Good Google

Last week, I had drinks with a close college friend who had come into town from San Francisco, where he works for a popular publication covering the digital media industry. This prompted a healthy debate over how much information we grant digital spaces access to—how much we allow to be extracted from our own digital lives, so to speak.

I have grown increasingly fearful of allowing digital spaces have access to my information following a variety of reports about the extent to which companies like Facebook or Google use that information. I’ve also become increasingly skeptical of Google as a company since it began to invest into defense technology and vie for defense contracts.

When the question comes up on my i–Device, asking me whether I am willing to grant access to my information, photos, whatehavenots, I say no.

He says yes.

His explanation was multifold, but it predominantly rested in the idea that these extractions are for the primary purpose of using metadata to better a product and create innovation. He suggested that his experience of permitting the sharing of his digital information with companies like Google was something thrilling to him—that “it was as though the company itself were giving me the opportunity to see a piece of the future,” he noted.
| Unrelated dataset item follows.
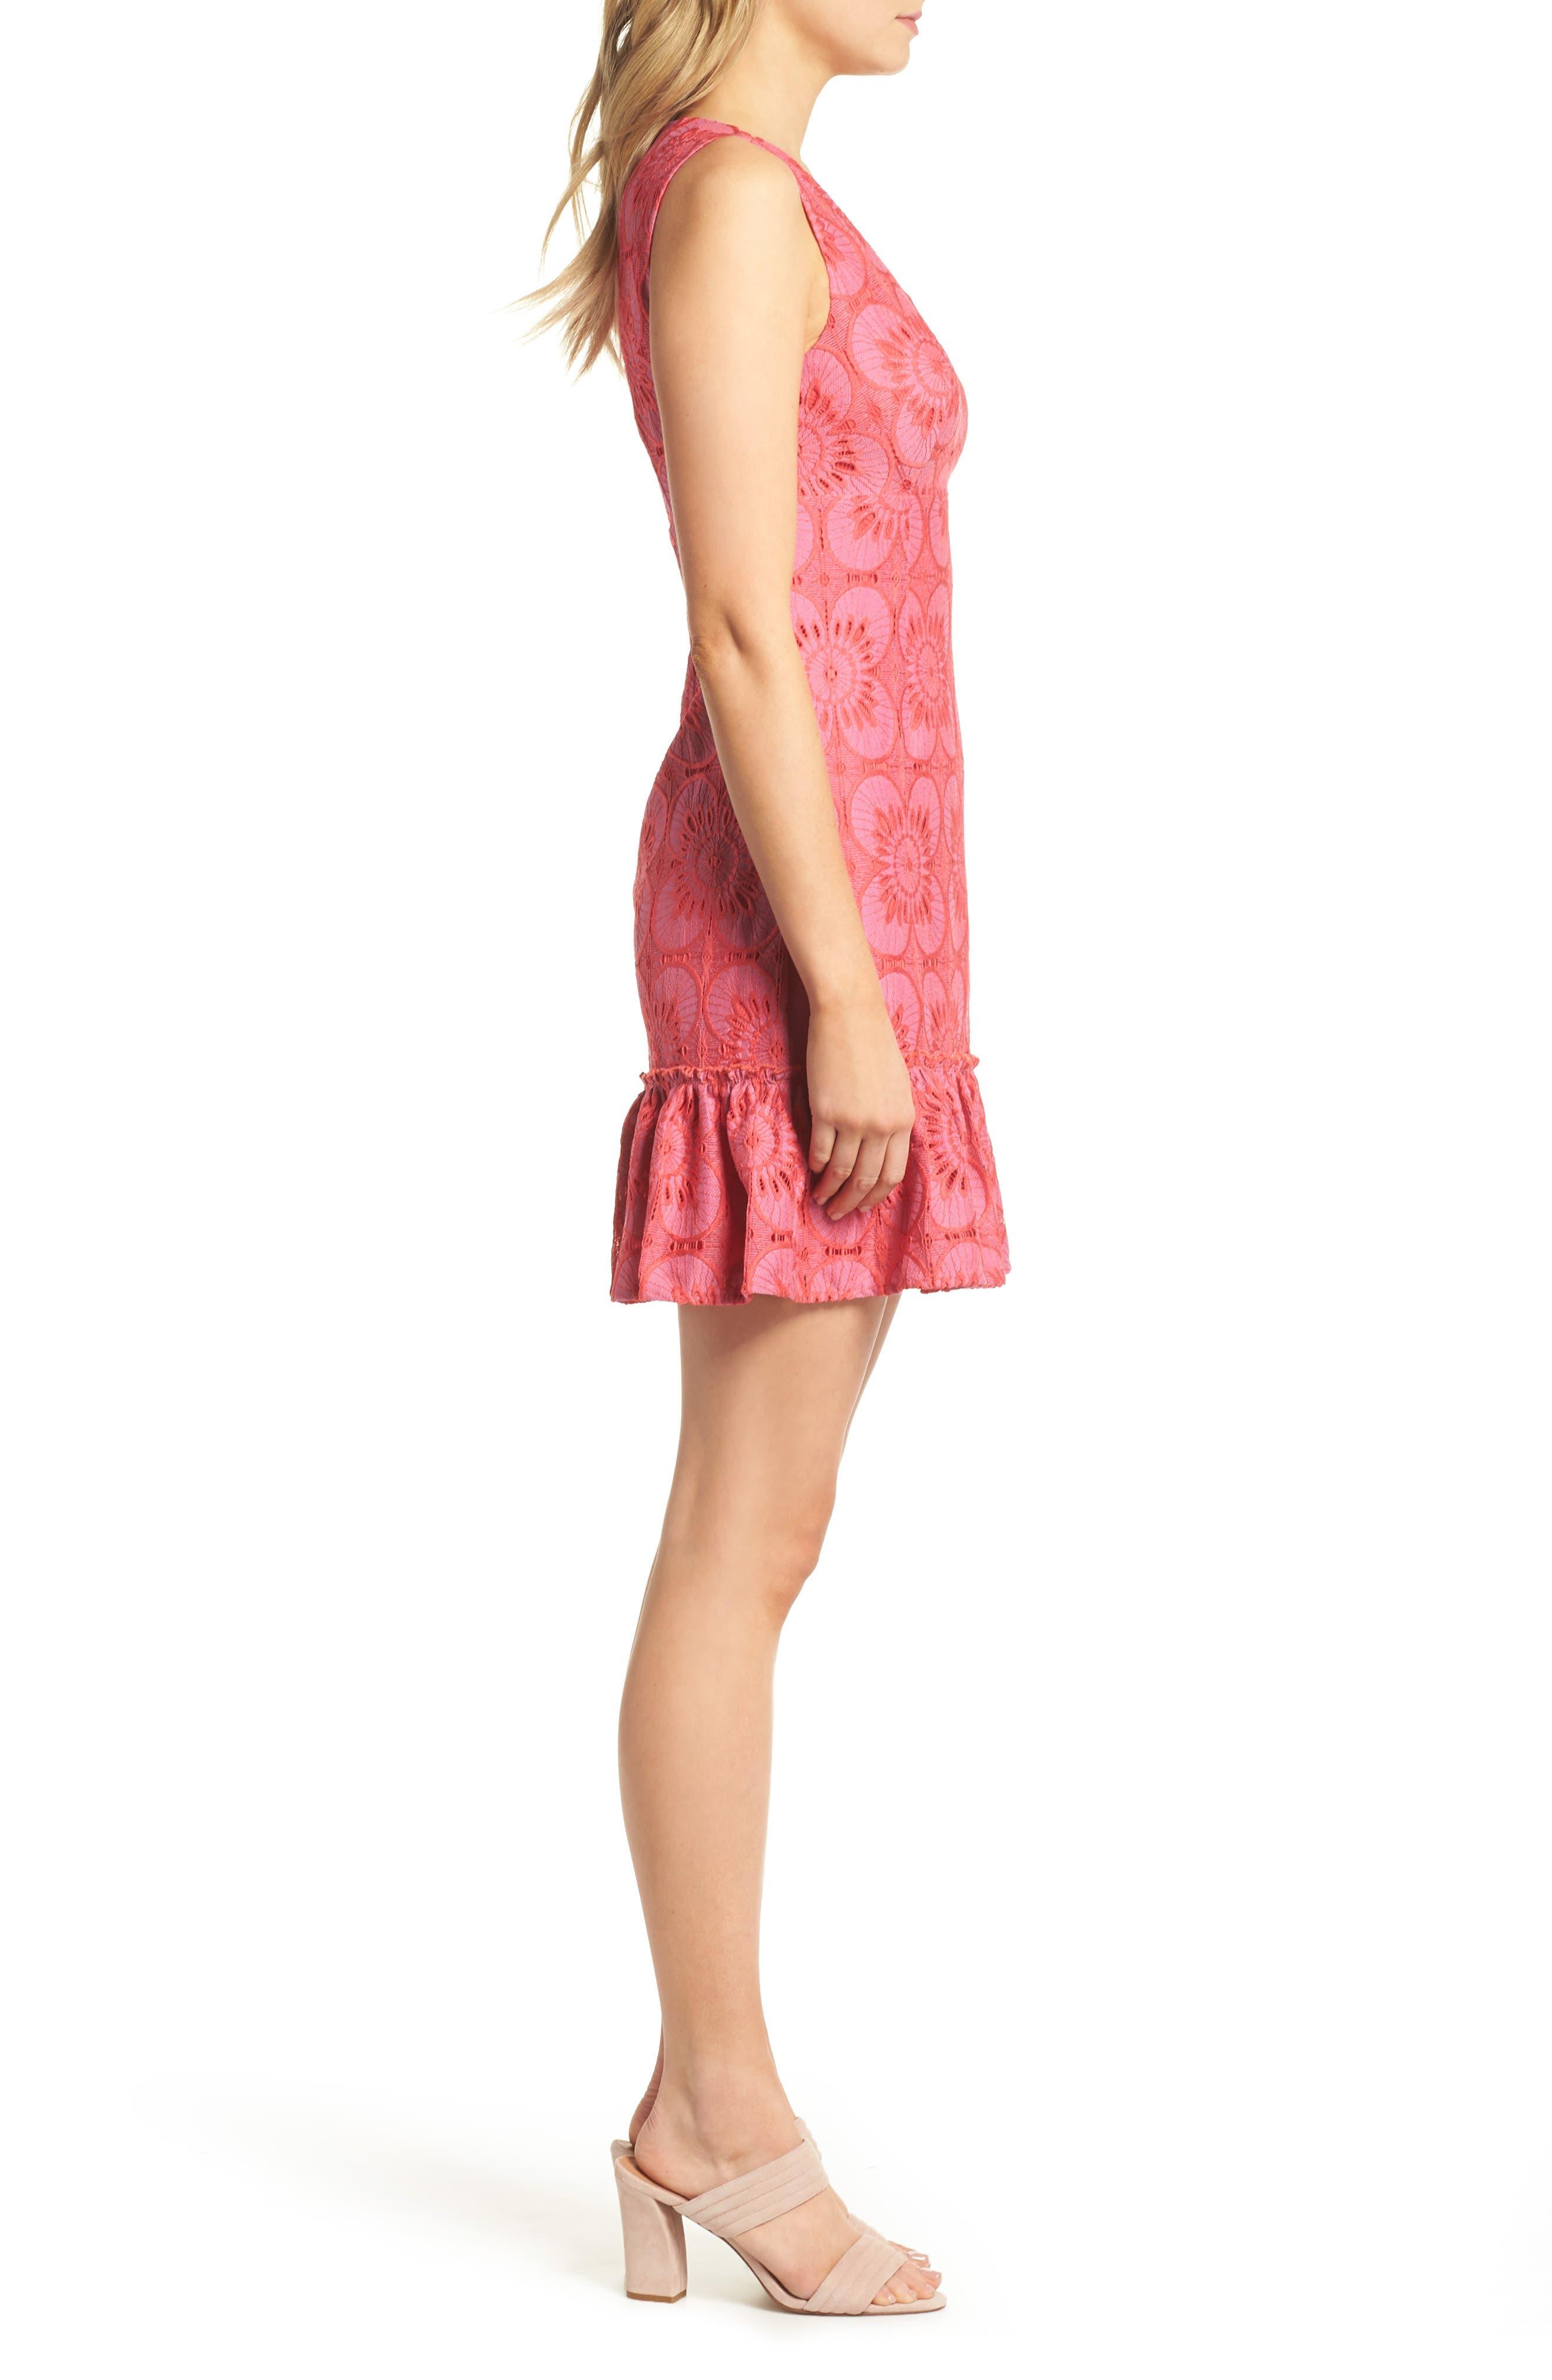 Carpinteria Lace Ruffle Hem Dress,                             Alternate thumbnail 3, color,                             650

Wow. I’ll leave the implications of how excited he is about “seeing the future” aside.

Are we not afraid of Google? I’m afraid of any company that has this much social, cultural, and economic capital; that has the economic means to vacuum 19th century’s literature, as we have discussed; that has the symbolic capital to leave newspaper readers complaining that there aren’t enough world-renowned jam bands playing at their holiday parties; that has the power to rearrange the distribution of search results willy-nilly with little recourse but changes to its own profitability in ad revenue; that makes a car that can run without a person in it; that has invested so much in artificial intelligence in celebration of “the solidarity” (imagine this paired with Google Car—I had a class of middle school students imagine this once, and they crafted the plot of a television show about a sad car rampage).
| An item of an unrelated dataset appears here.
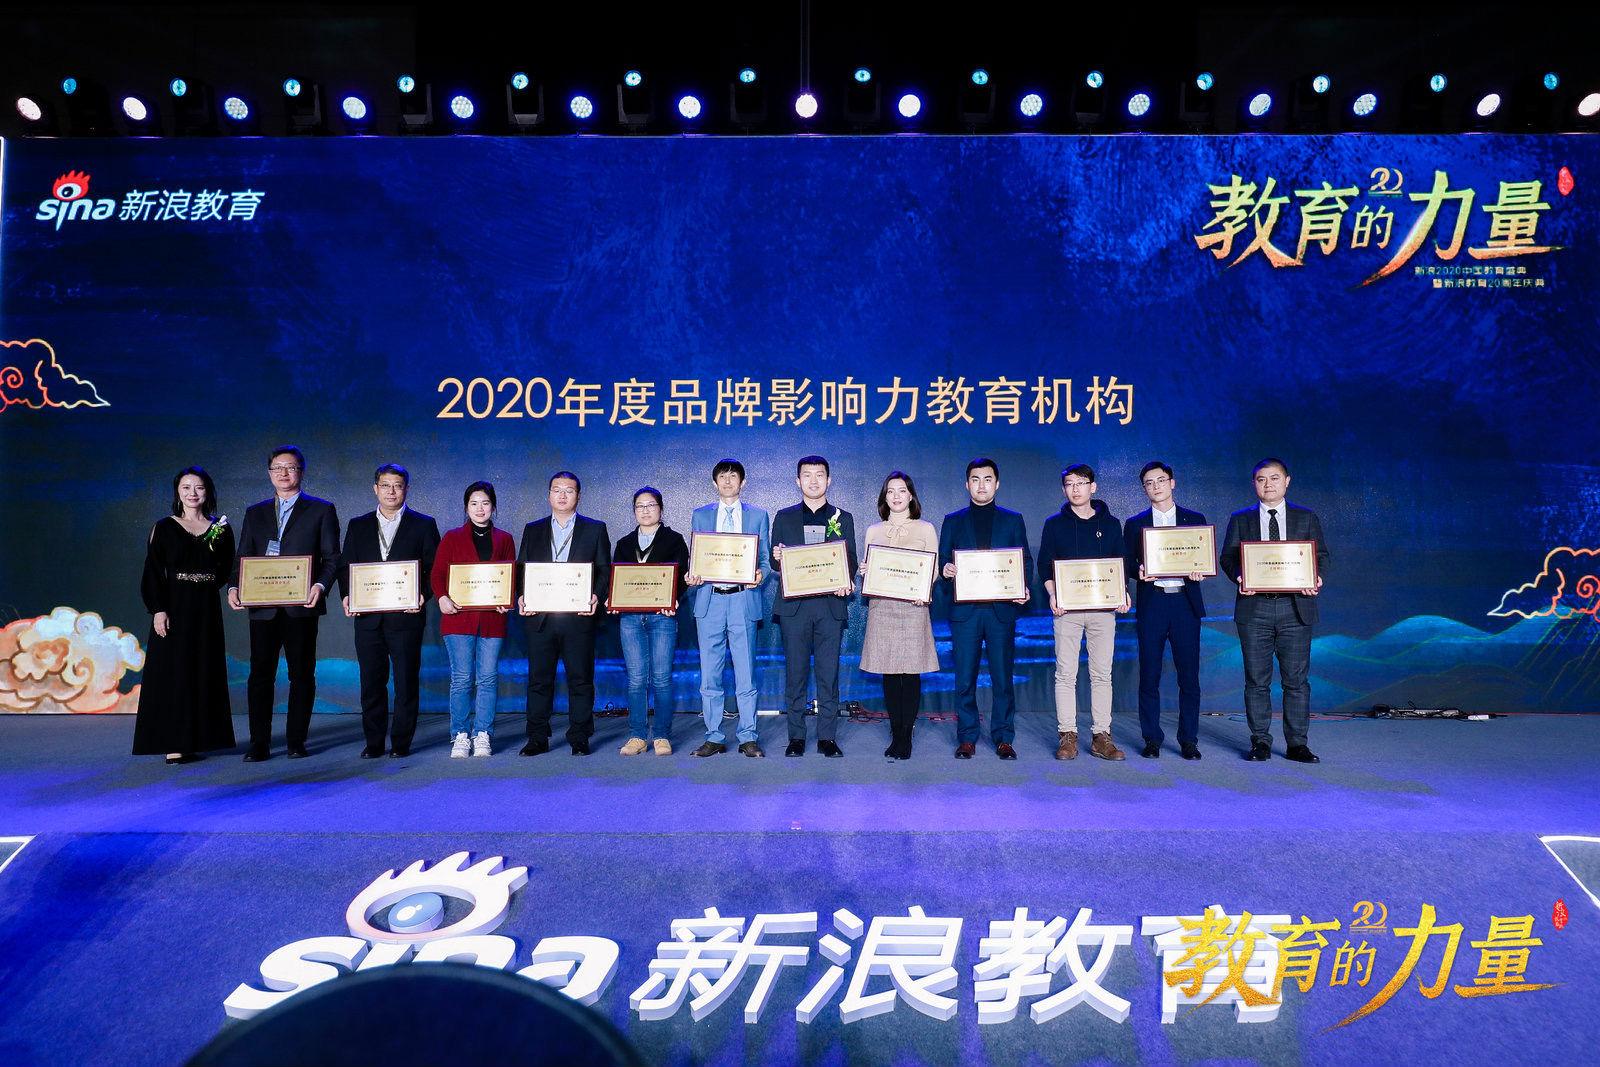 新浪2020中国教育盛典品牌影响力教育机构名单公布 玖月教育榜上有名

I’m afraid of a company that does the above and houses the official mantra “don’t be evil.”

I’m afraid of any company that has a slogan WHOSE PRIMARY AUDIENCE IS ITSELF.

Kranich talks about enclosures. Levine, the relationship between corporations and the commons. Google enables commons spaces to thrive for now, but as Kranish notes various enclosures have been placed upon our access to information, particularly scholarly information. I am afraid of any company that can so easy generate a panoptic, that already colludes with the military industrial complex, and that can iron first or vacation gift shop clampy-style (yeah, you know the grabber) our access to information, including academic work and library sources, so easily.

What do you think? What do we do?

Are you ready for Google use this on your brain?